What you are asked to do
An exact reproduction of the listing, minus the pictures, is the required output.

Provided data
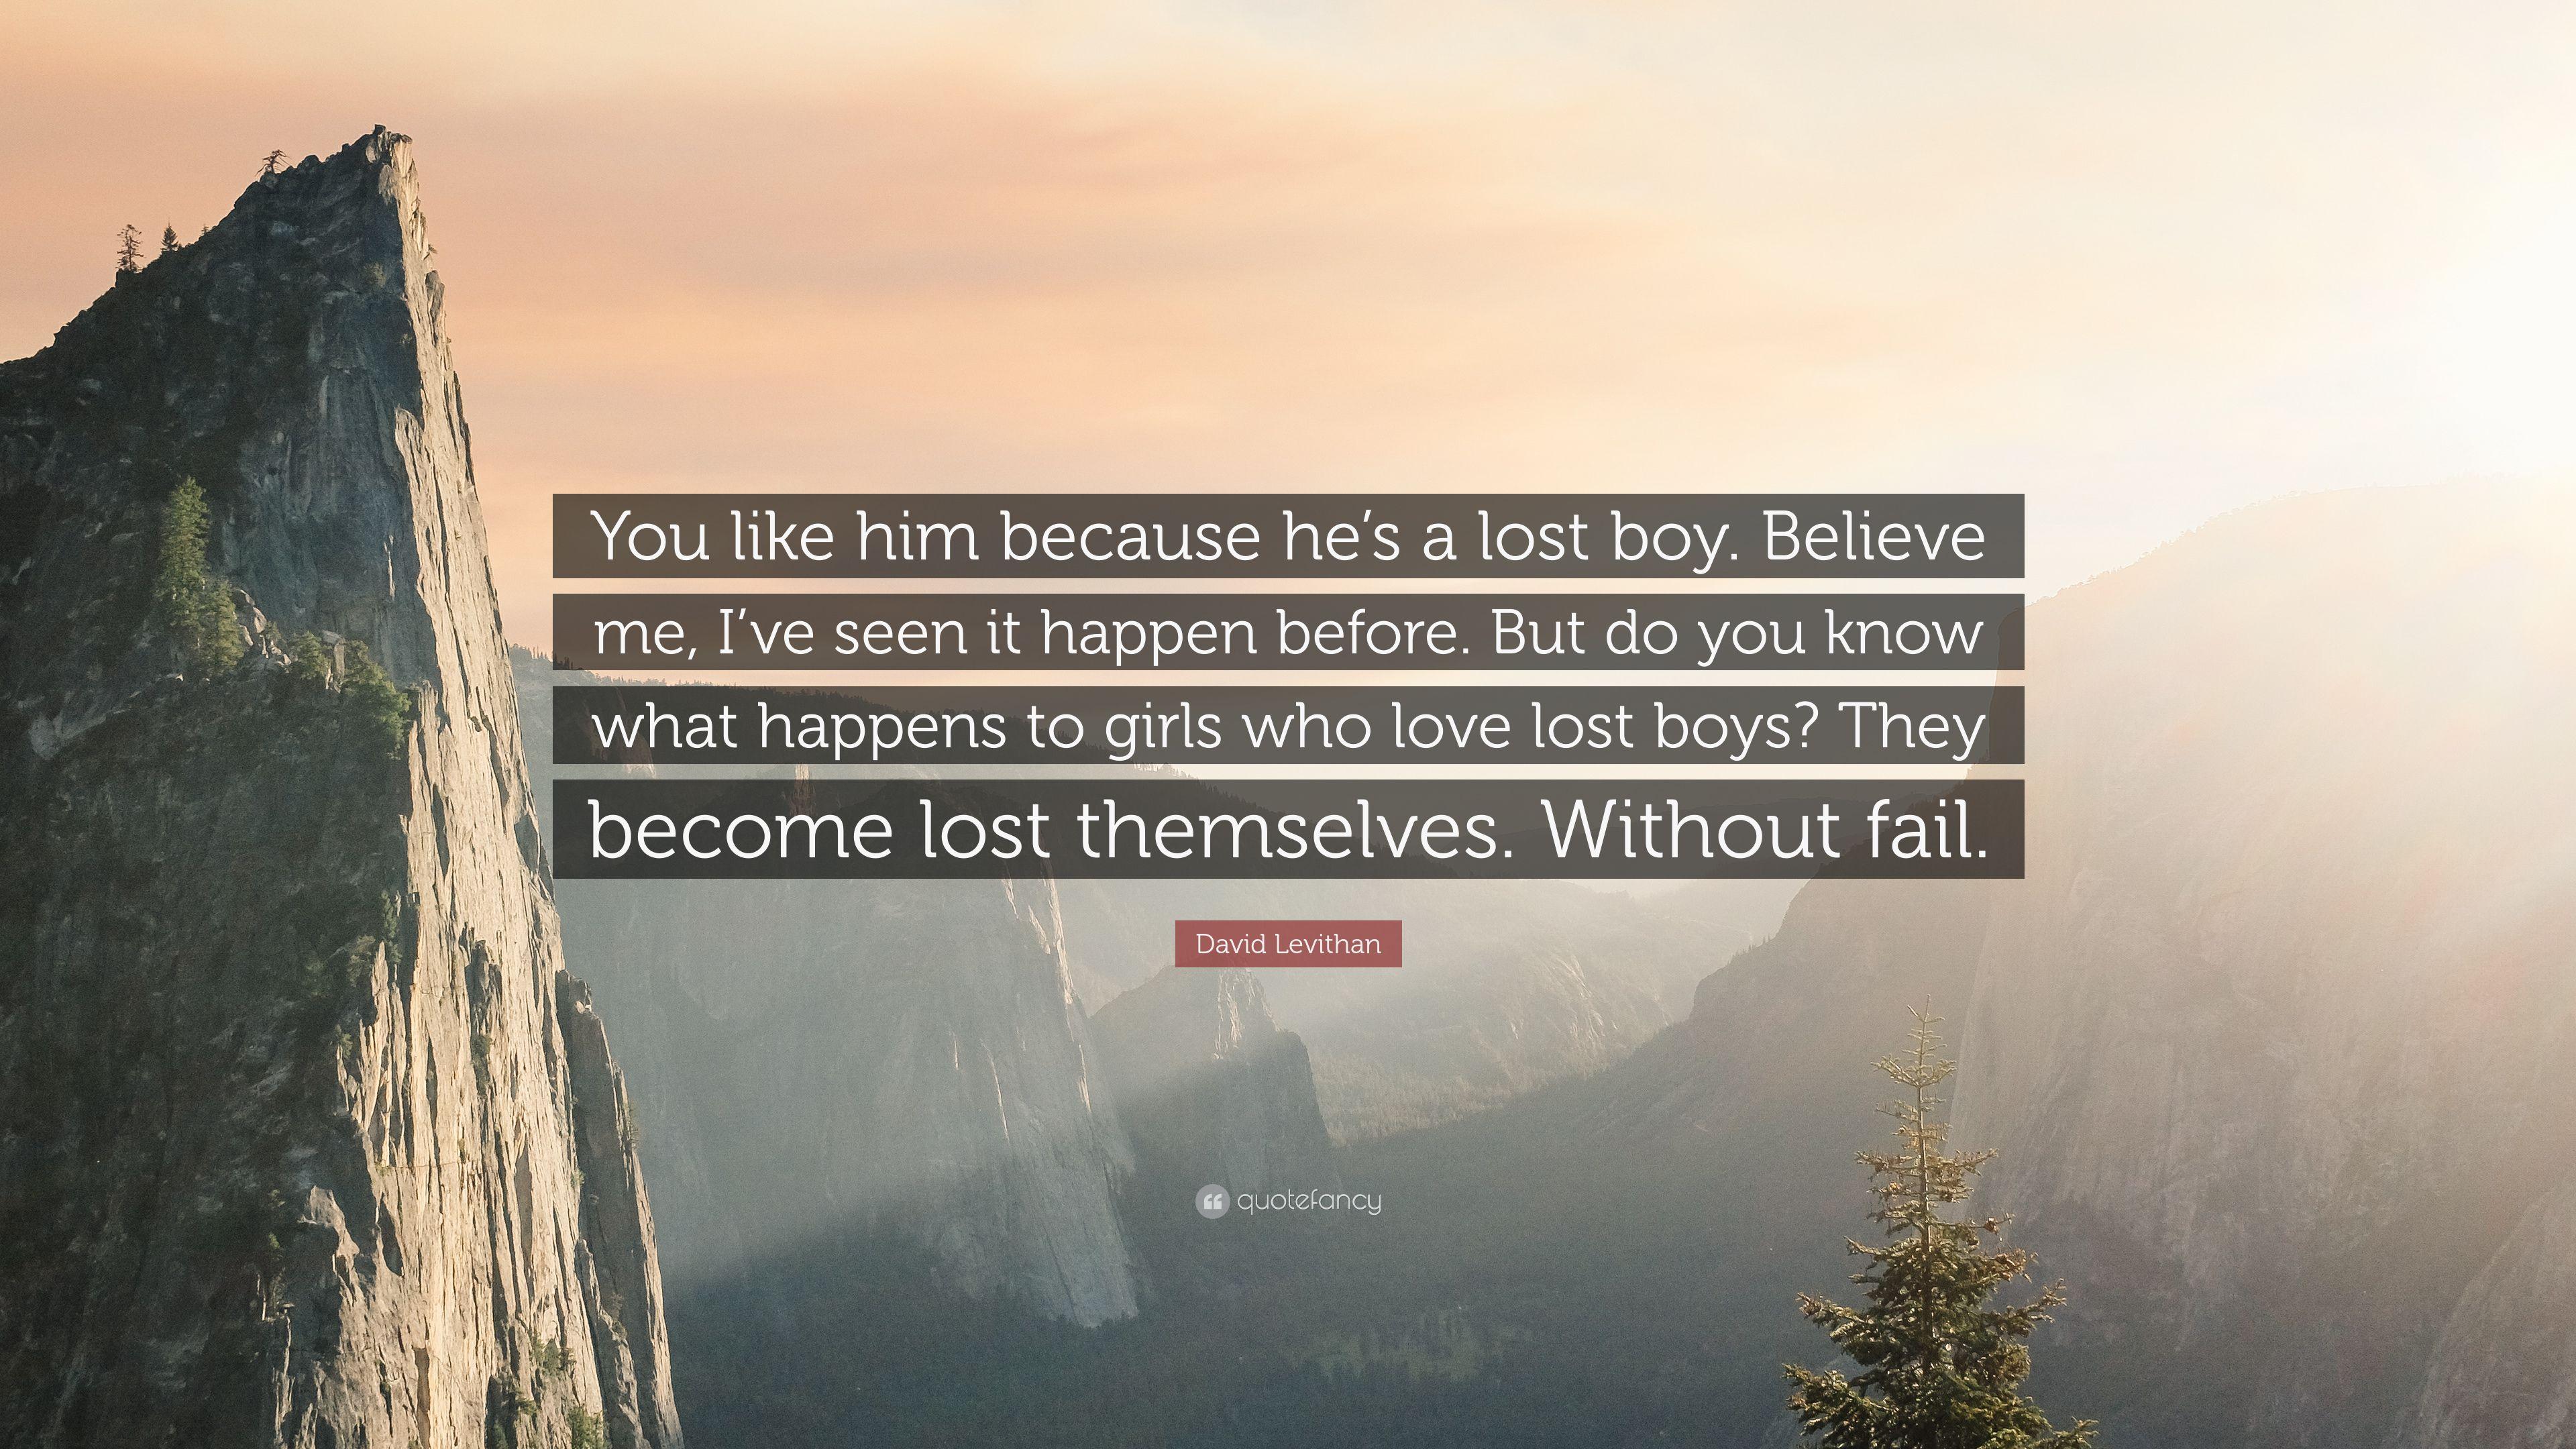 David Levithan Quote: “You like him because he's a lost boy. Believe
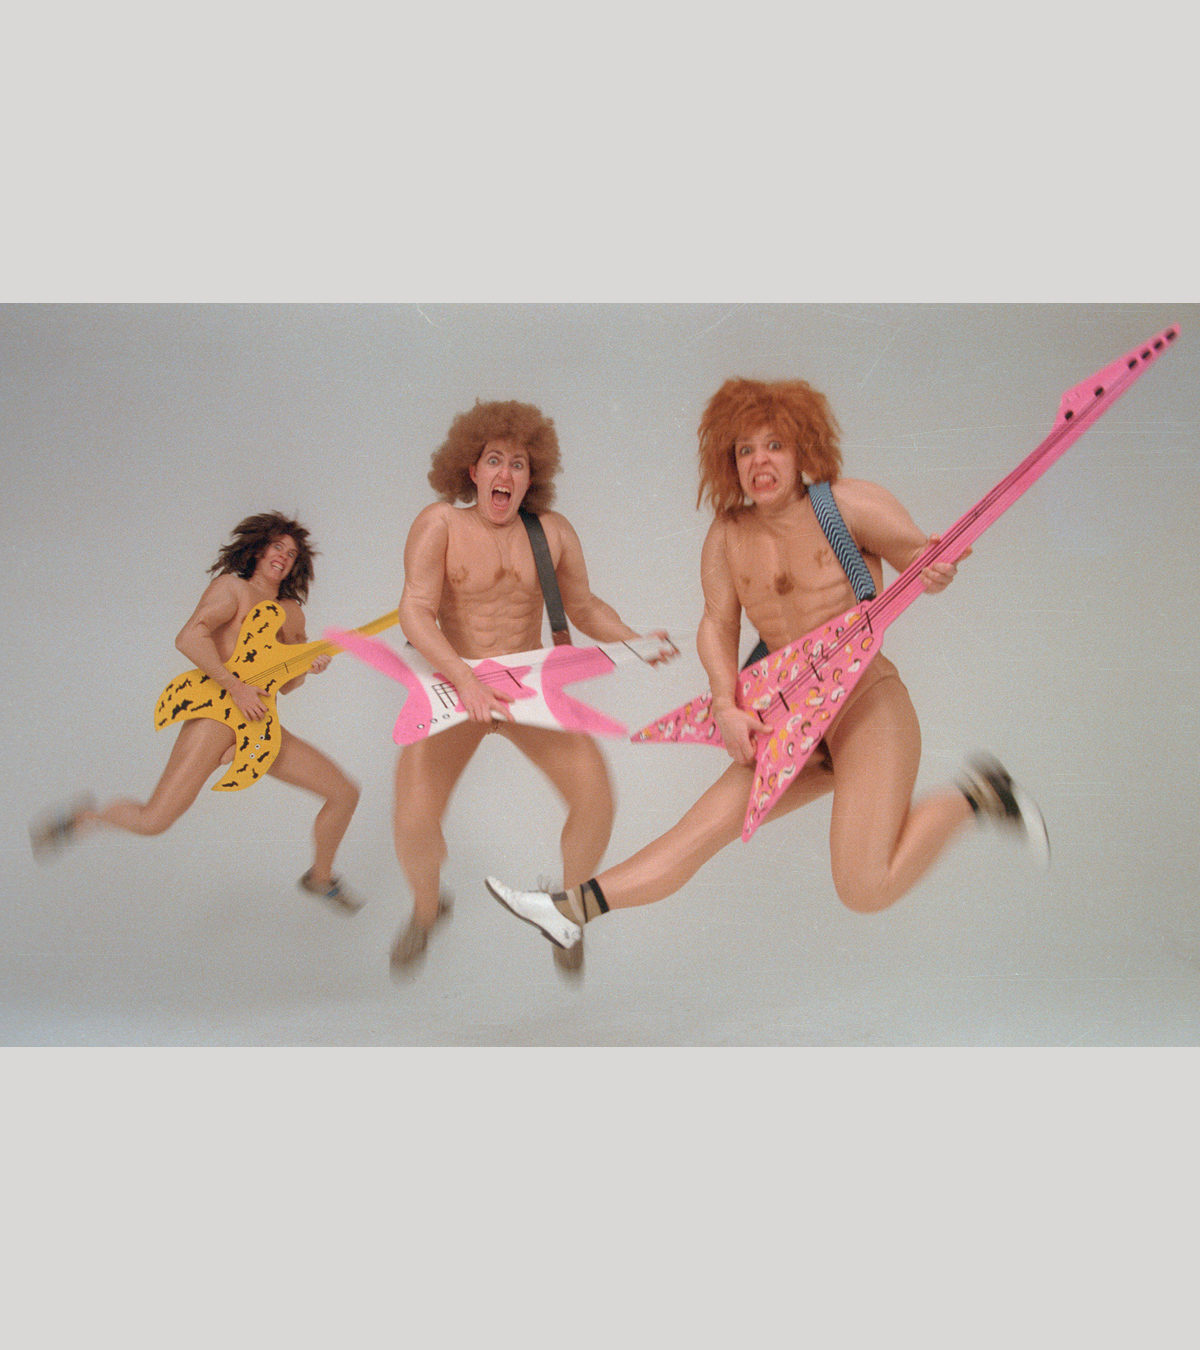 A photo of The Clichettes dressed as muscular men with wild hair, they are jumping mid-air holding colourful guitars.
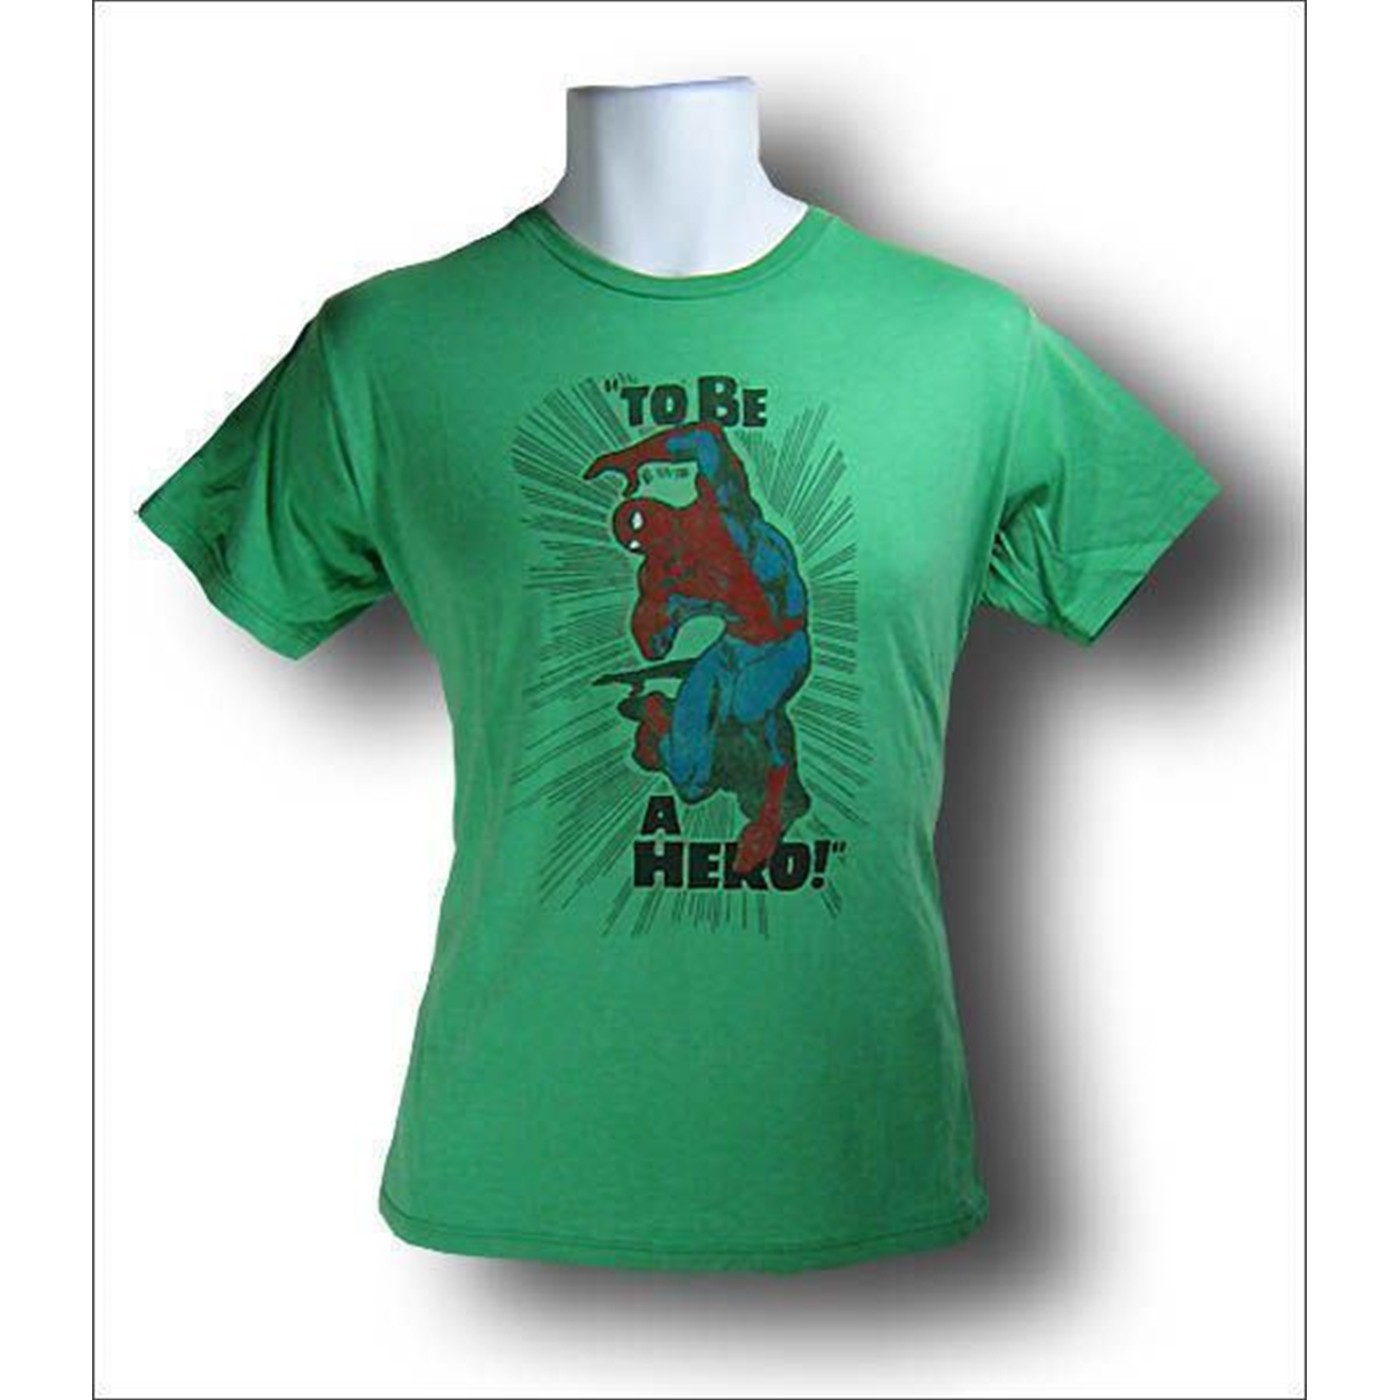 Spiderman To Be A Hero T-shirt
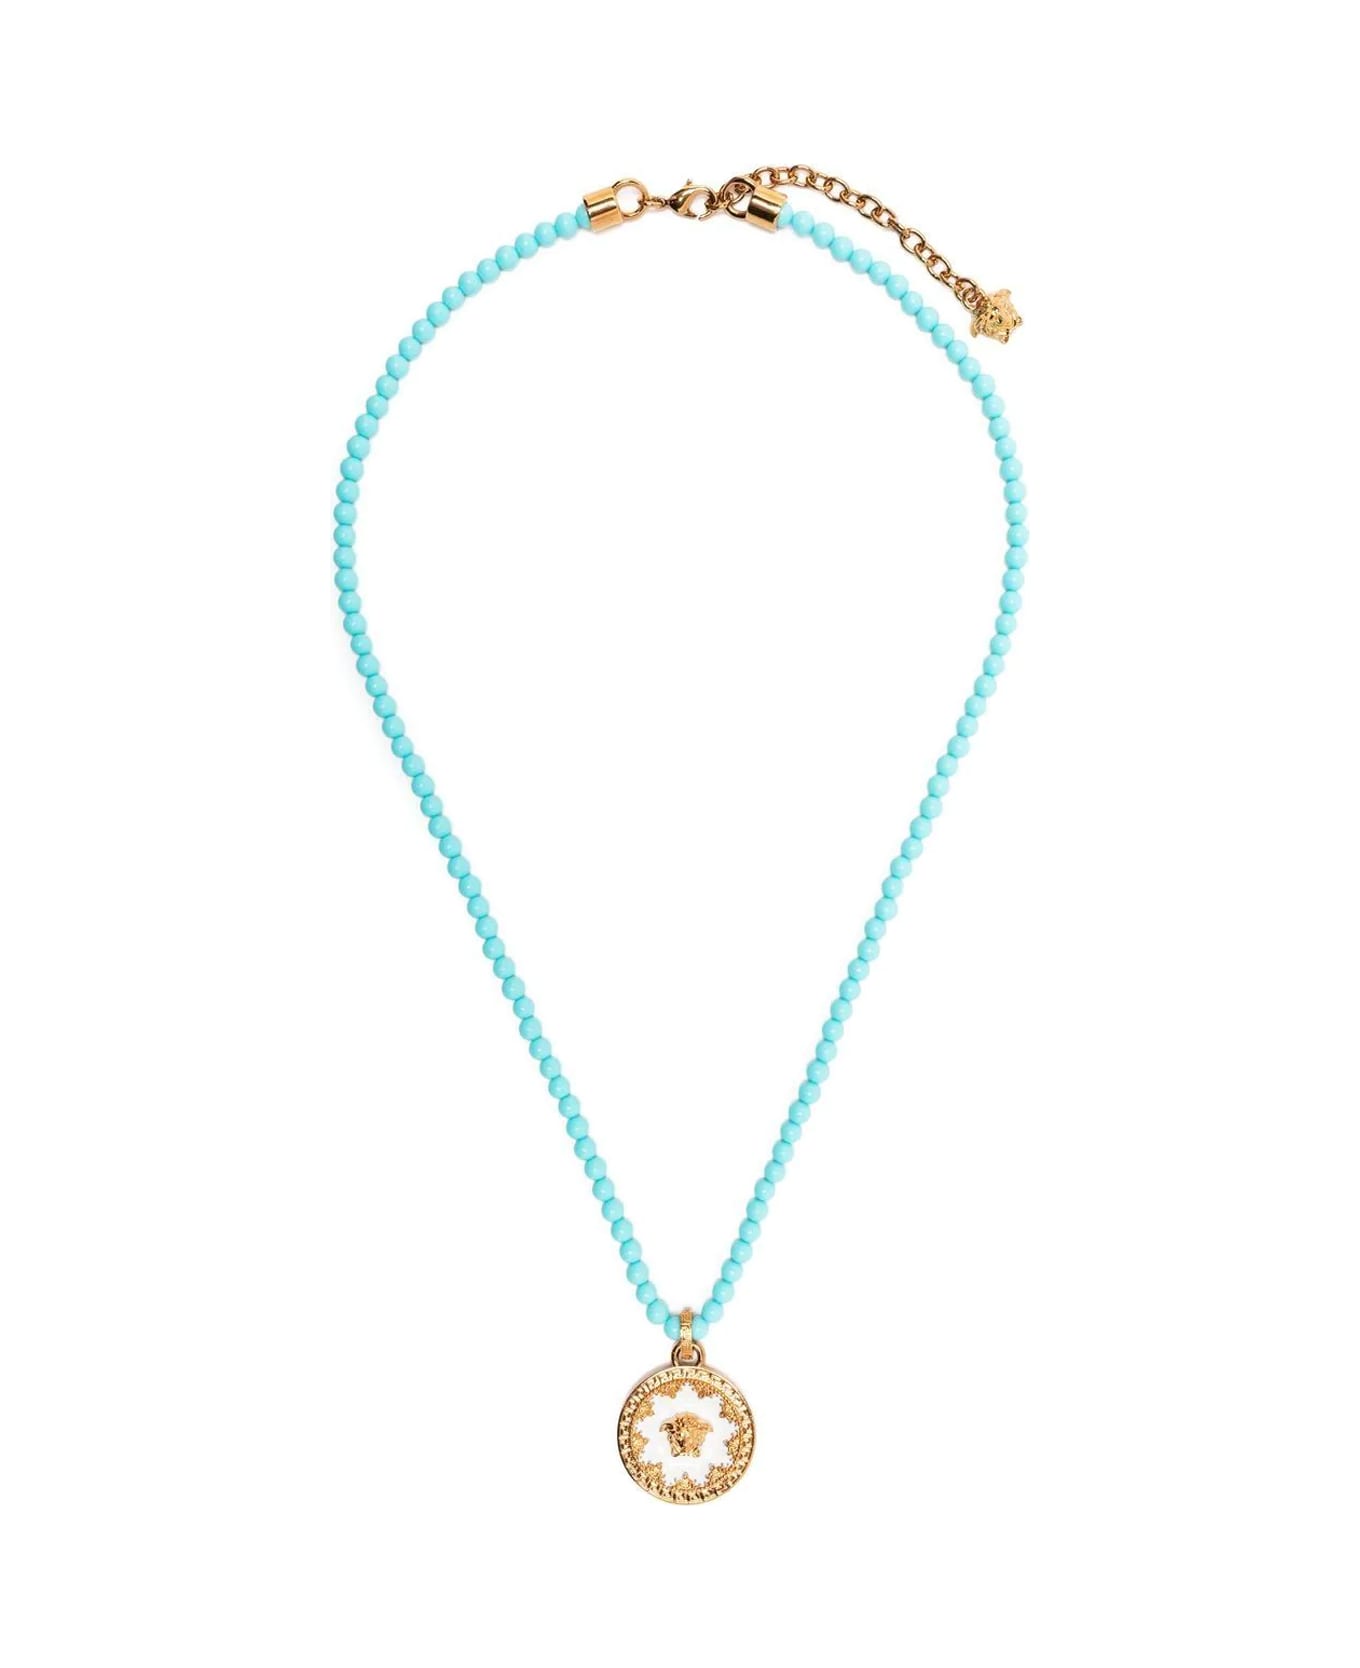 Versace Coral Pendant Necklace - Jhlo Versace Gold White Turquoise

Response for this exercise
 David Levithan Quote: “You like him because he's a lost boy. Believe
 A photo of The Clichettes dressed as muscular men with wild hair, they are jumping mid-air holding colourful guitars.
 Spiderman To Be A Hero T-shirt
 Versace Coral Pendant Necklace - Jhlo Versace Gold White Turquoise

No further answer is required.